(EXTRACTED ENTRIES)

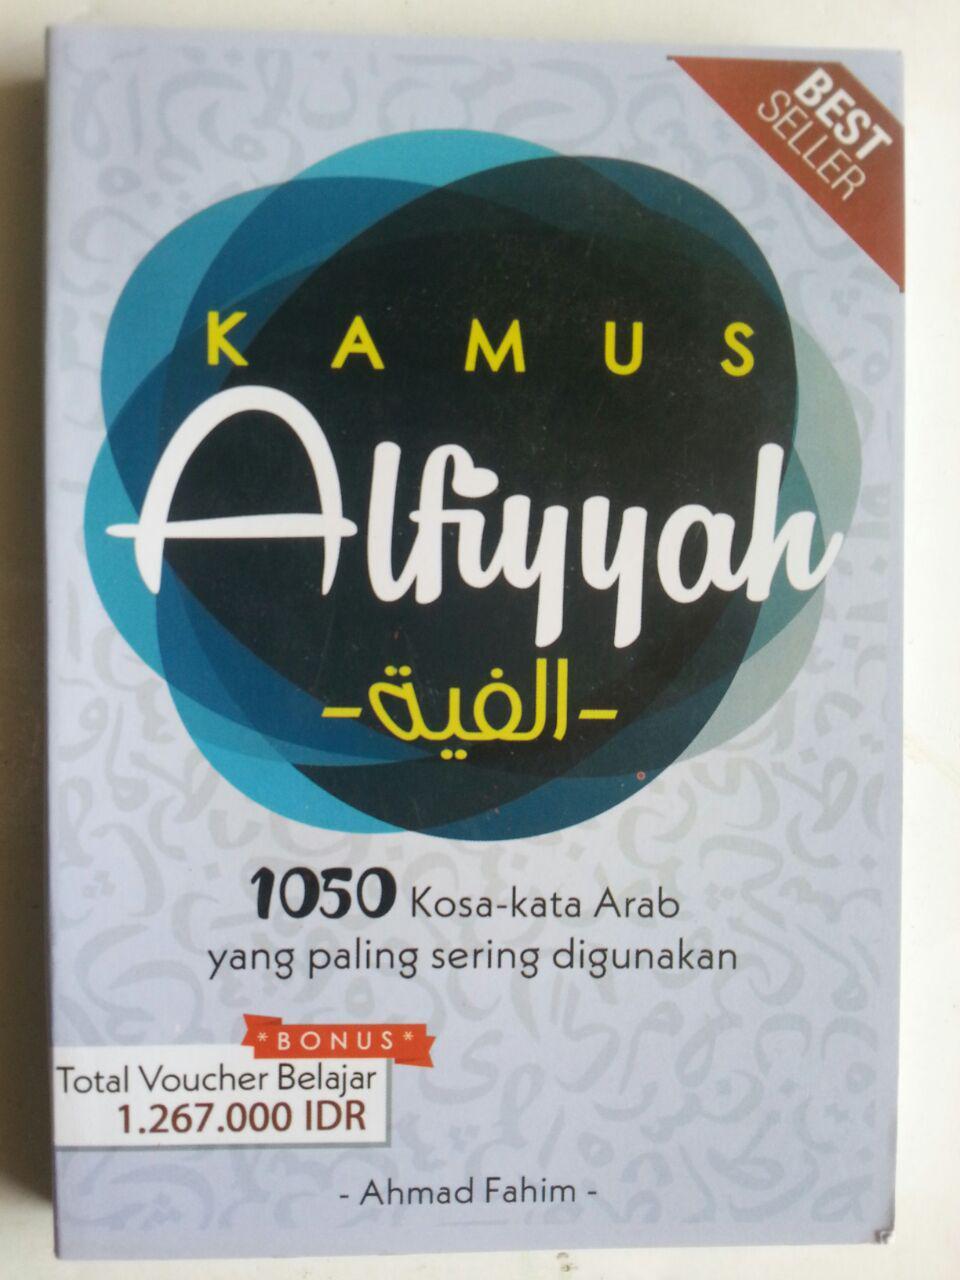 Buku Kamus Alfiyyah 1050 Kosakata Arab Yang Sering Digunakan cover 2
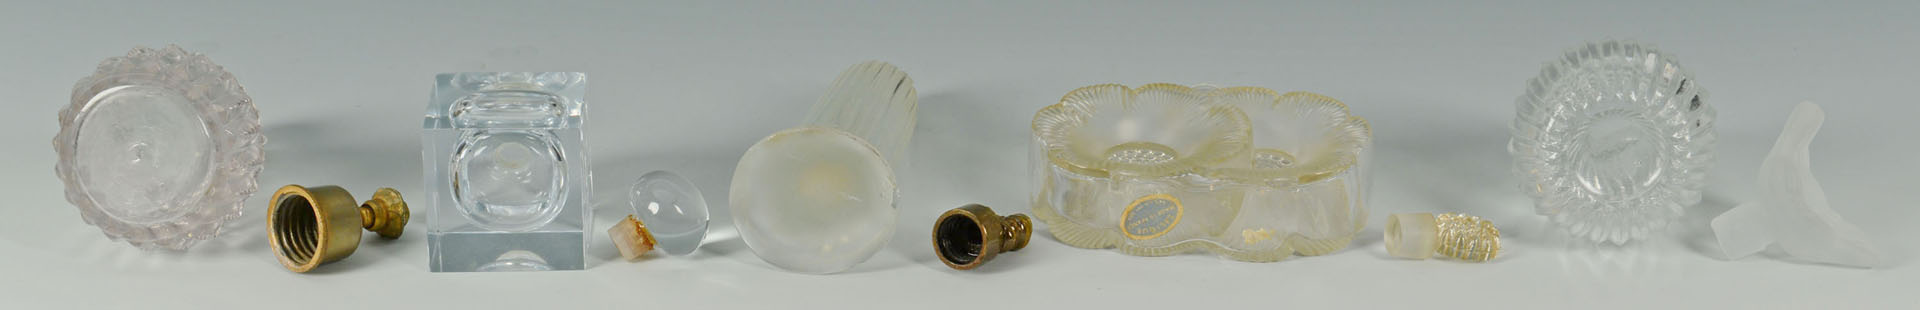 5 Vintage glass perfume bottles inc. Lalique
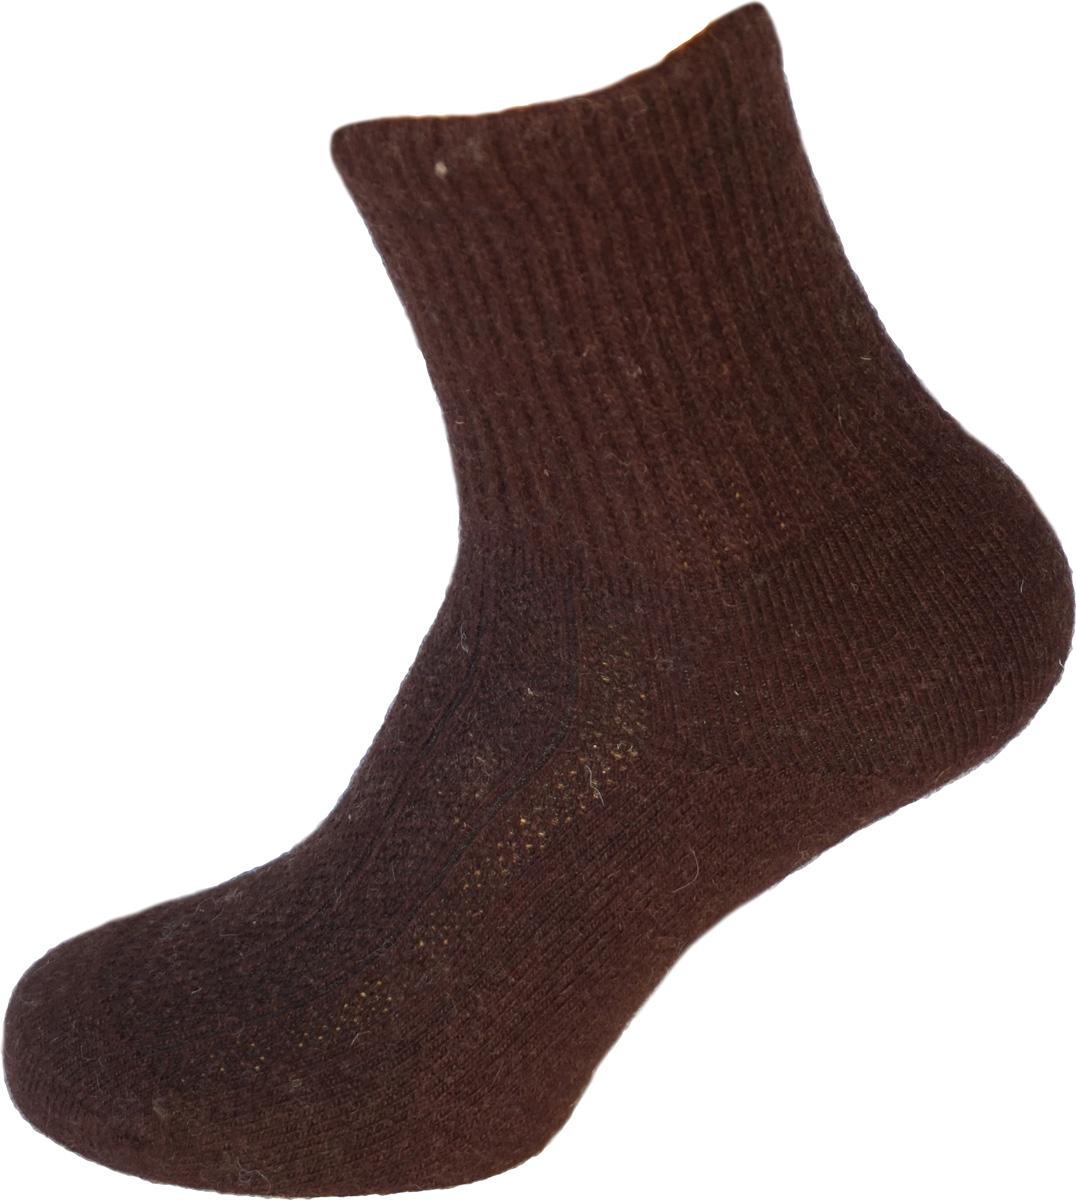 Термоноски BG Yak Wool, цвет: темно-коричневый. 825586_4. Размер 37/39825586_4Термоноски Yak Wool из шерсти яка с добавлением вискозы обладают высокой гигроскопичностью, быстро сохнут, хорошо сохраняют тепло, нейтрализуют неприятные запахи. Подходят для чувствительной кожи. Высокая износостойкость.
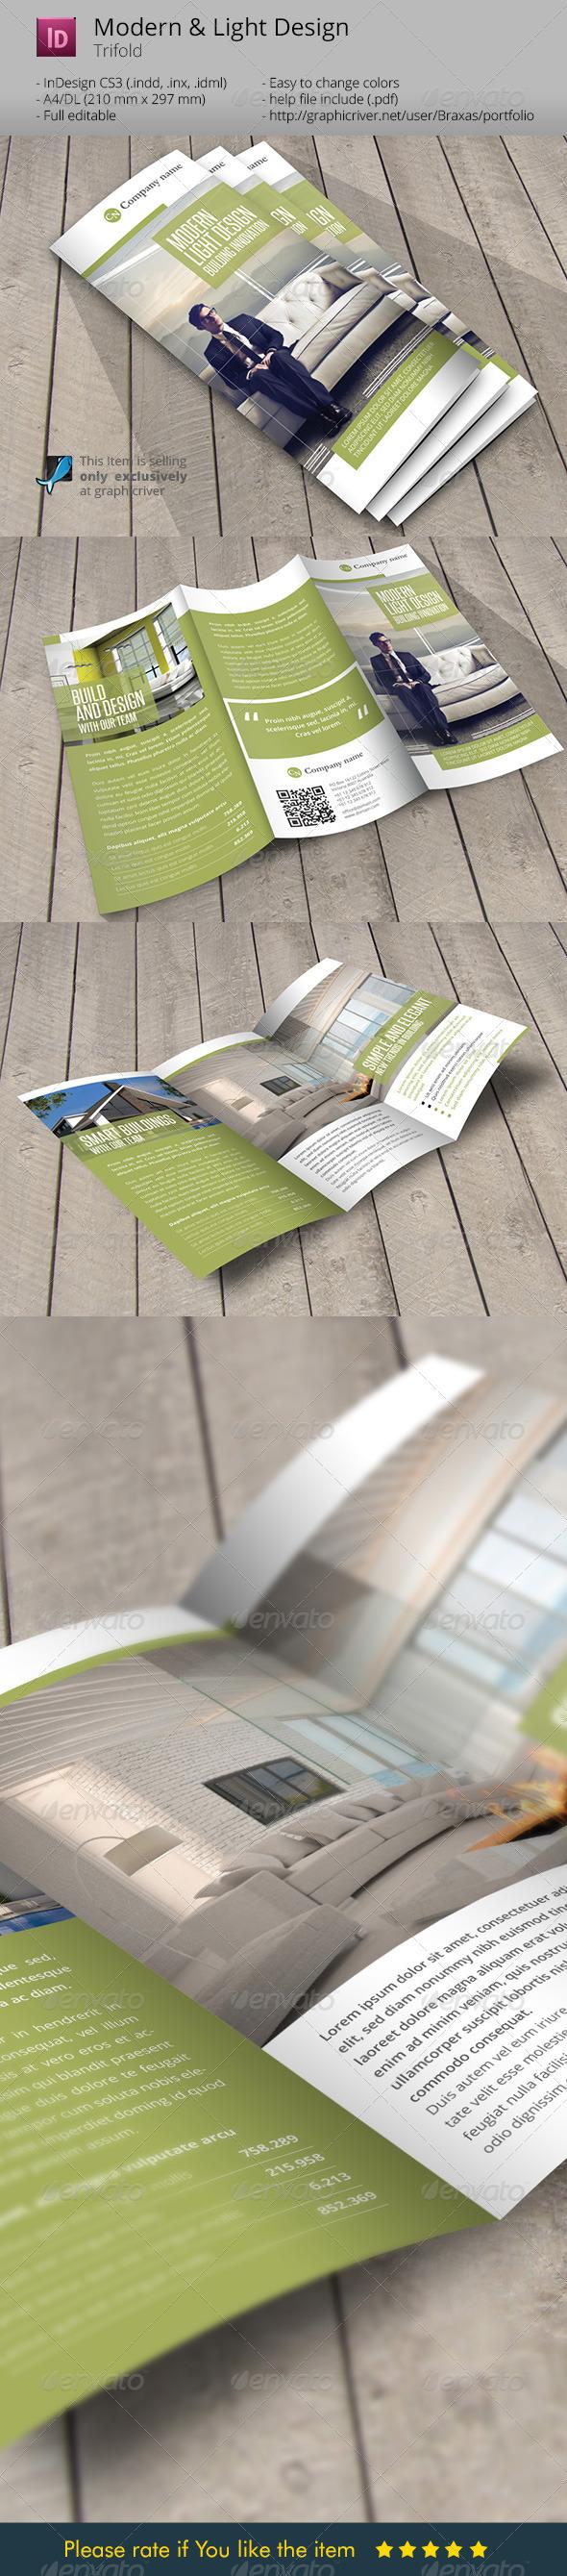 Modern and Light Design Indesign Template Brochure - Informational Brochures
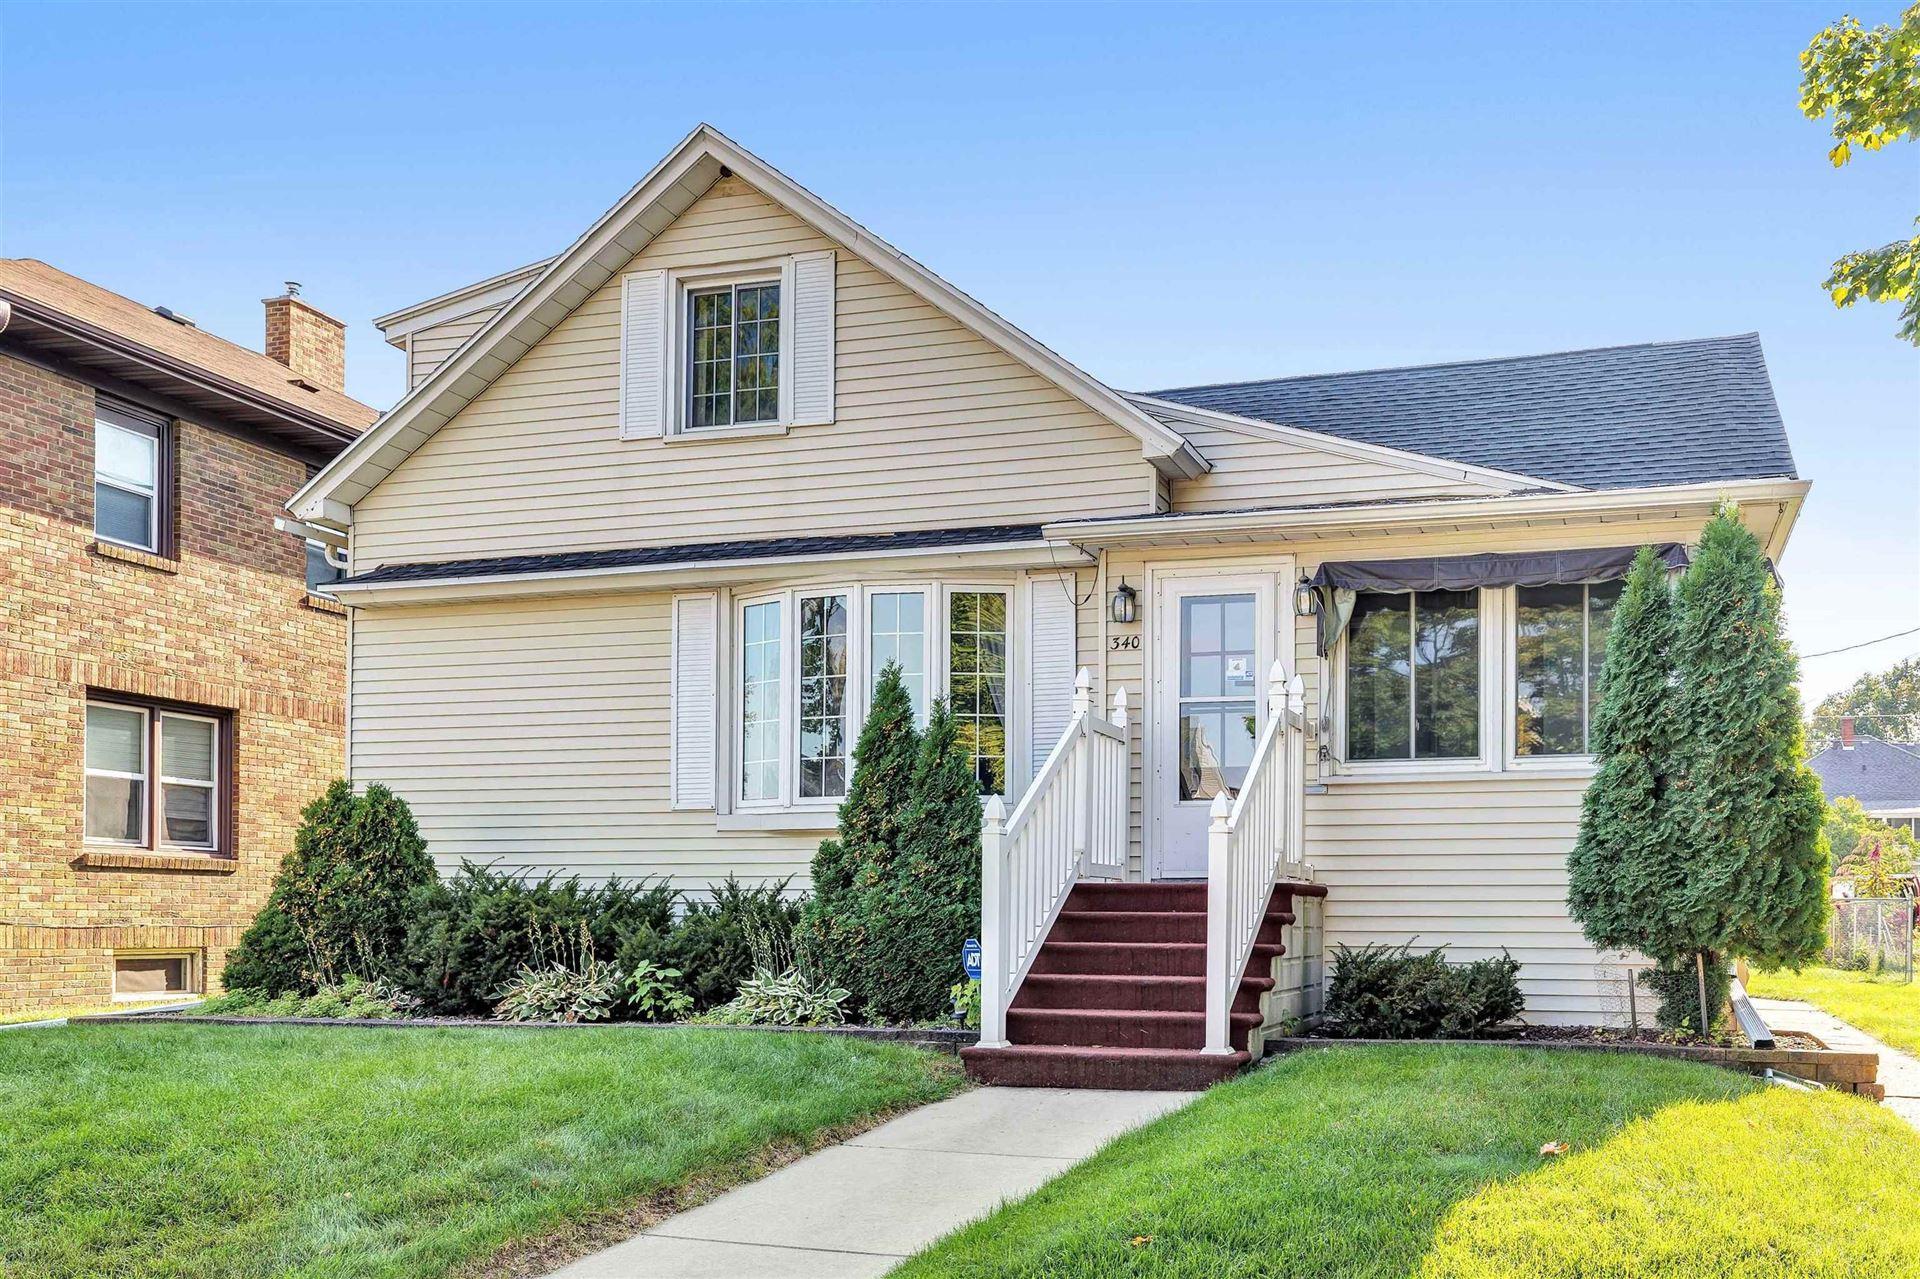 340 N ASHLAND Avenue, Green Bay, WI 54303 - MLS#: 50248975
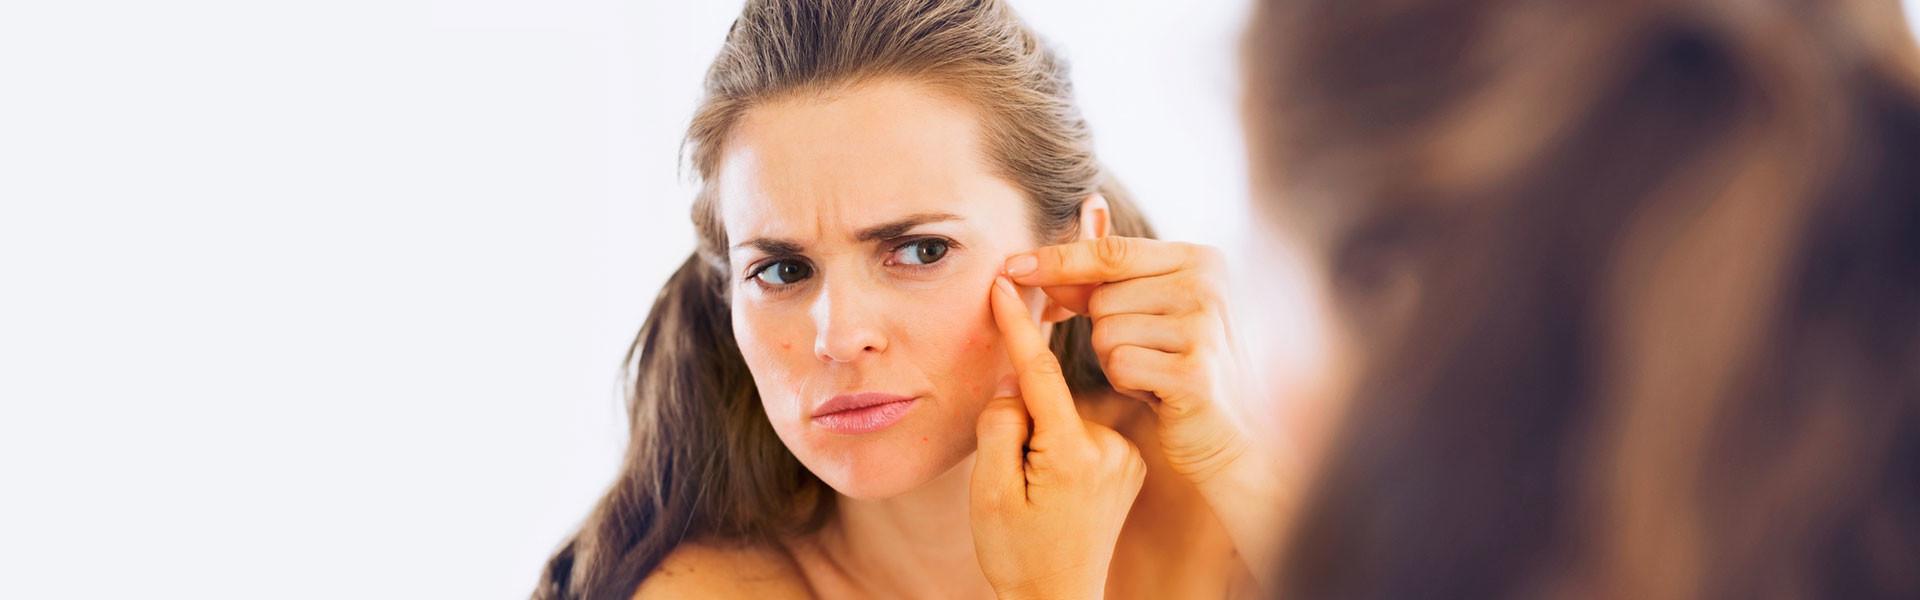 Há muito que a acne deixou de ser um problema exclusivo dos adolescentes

(End EXTRACTED ENTRIES)

TASK PROMPT: Please copy out each line above exactly as written, but not the pictures.

RESPONSE:
 Buku Kamus Alfiyyah 1050 Kosakata Arab Yang Sering Digunakan cover 2
 5 Vintage glass perfume bottles inc. Lalique
 Термоноски BG Yak Wool, цвет: темно-коричневый. 825586_4. Размер 37/39825586_4Термоноски Yak Wool из шерсти яка с добавлением вискозы обладают высокой гигроскопичностью, быстро сохнут, хорошо сохраняют тепло, нейтрализуют неприятные запахи. Подходят для чувствительной кожи. Высокая износостойкость.
 Modern and Light Design Indesign Template Brochure - Informational Brochures
 340 N ASHLAND Avenue, Green Bay, WI 54303 - MLS#: 50248975
 Há muito que a acne deixou de ser um problema exclusivo dos adolescentes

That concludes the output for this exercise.